The hall was filled with dozens of round tables, with screens around the stage on which you could see golden statuettes. The statuettes had the same vibe as the Oscars trophy, except the XBIZ version was a naked woman with an arched back and generous bust. As the nominations were read out loud, the women were replaced by quick clips of sex scenes corresponding to each category and nomination, and very few showed anything other than what Romeo described as “bang, bang, bang” pornography. “.

The ceremony was fun, enjoyable, and a little bit sexy (one winner took her trophy and said “I’m gonna put it in my pussy!”), but with each clip shown, I realized how deeply ingrained gender conventions still are and sex in industry.

It’s not like no sincere efforts were made. In addition to several categories like Best Sex Scene, there were also categories honoring trans performers of the year, gay and older performers in the industry. However, only trans female performers were nominated in the trans category, with no trans male representation; the category of gay performers had only men, no trace of lesbians; the girl-on-girl category was femme-on-femme only (proof that the scenes are for men, not women having sex with women), and the category honoring older performers was all MILFs. Perhaps unsurprisingly, the awards were also dominated by white people.

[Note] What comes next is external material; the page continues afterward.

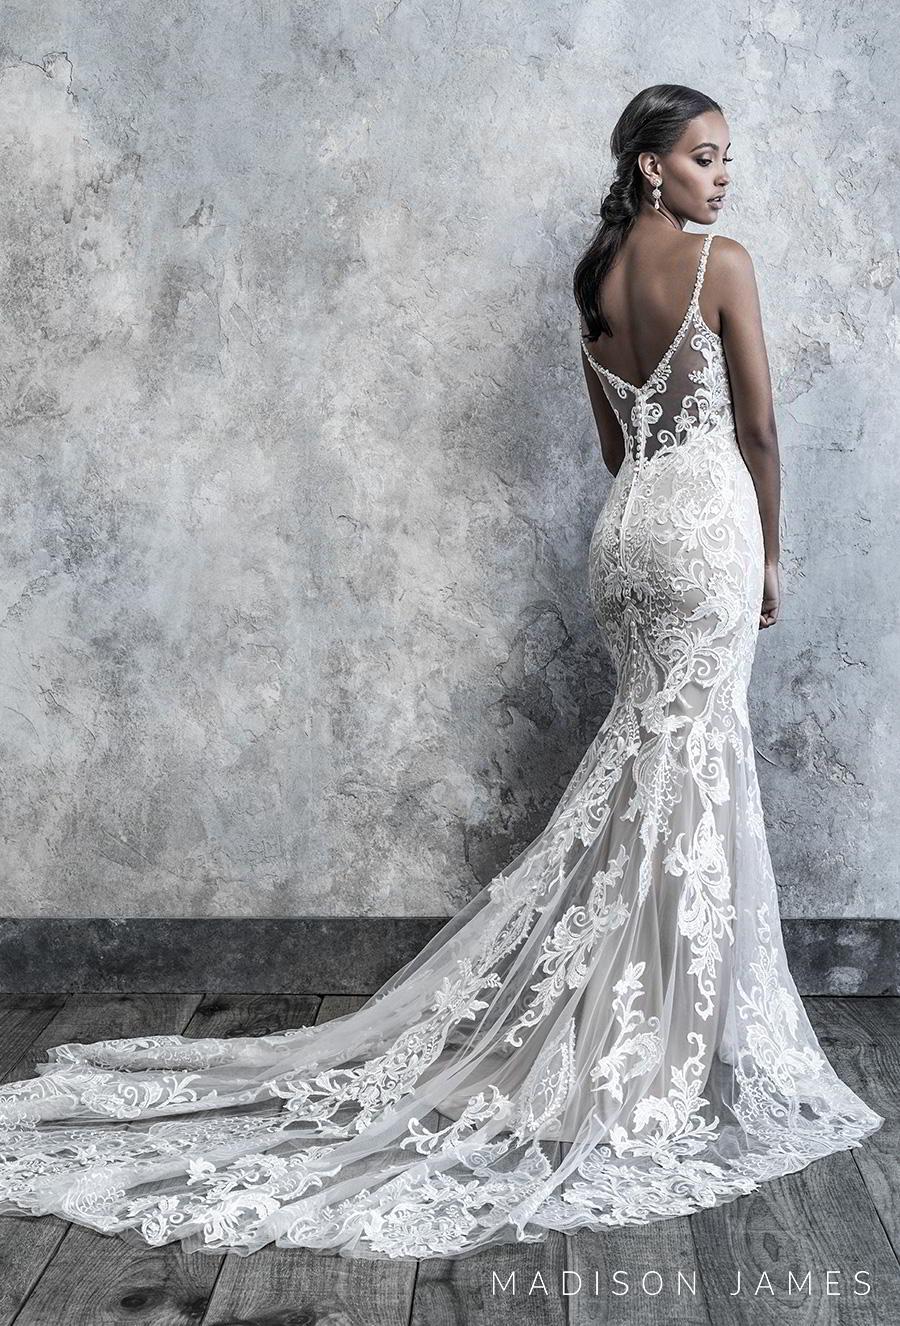 madison james 2019 bridal sleeveless thin strap diamond neck full embellishment elegant drop waist a line wedding dress v back chapel train (520) bv

The ceremony brought me back to reality and reminded me of the conversation I had with Lust in the cool lobby of the Holloway House Hotel.

“People are still afraid of sex,” Lust told me. “Mainstream pornography teaches people that systemic violence against women is okay and part of a normal sexual experience. It teaches people that race fetishization is totally acceptable, that the sexualization of teenage girls is not a problem. And it teaches people that gender roles should be maintained and enforced during sex.”

Lust says this fear of sex is learned. That’s why people are ashamed to talk about their desires, to communicate their fantasies and things that turn them on to their partners, and why young people are force-fed abstinence-only sex education, only to end up editing out those fears when they get to mainstream pornography. It has also delayed the full emergence of gender representations that do not fetishize performers and do not confine their activity to so-called niche markets and categories.

But at the same time, the presence of feminist and ethical pornography was felt at XBIZ – and the desire to do and see more . The performers I spoke to, especially those new to the industry, were clearly aware of what needed to be done differently and how they were going to do it – specifically, on their own with indie, DIY production houses. And if their vision is any indication of what’s to come, the future of pornography is in good hands.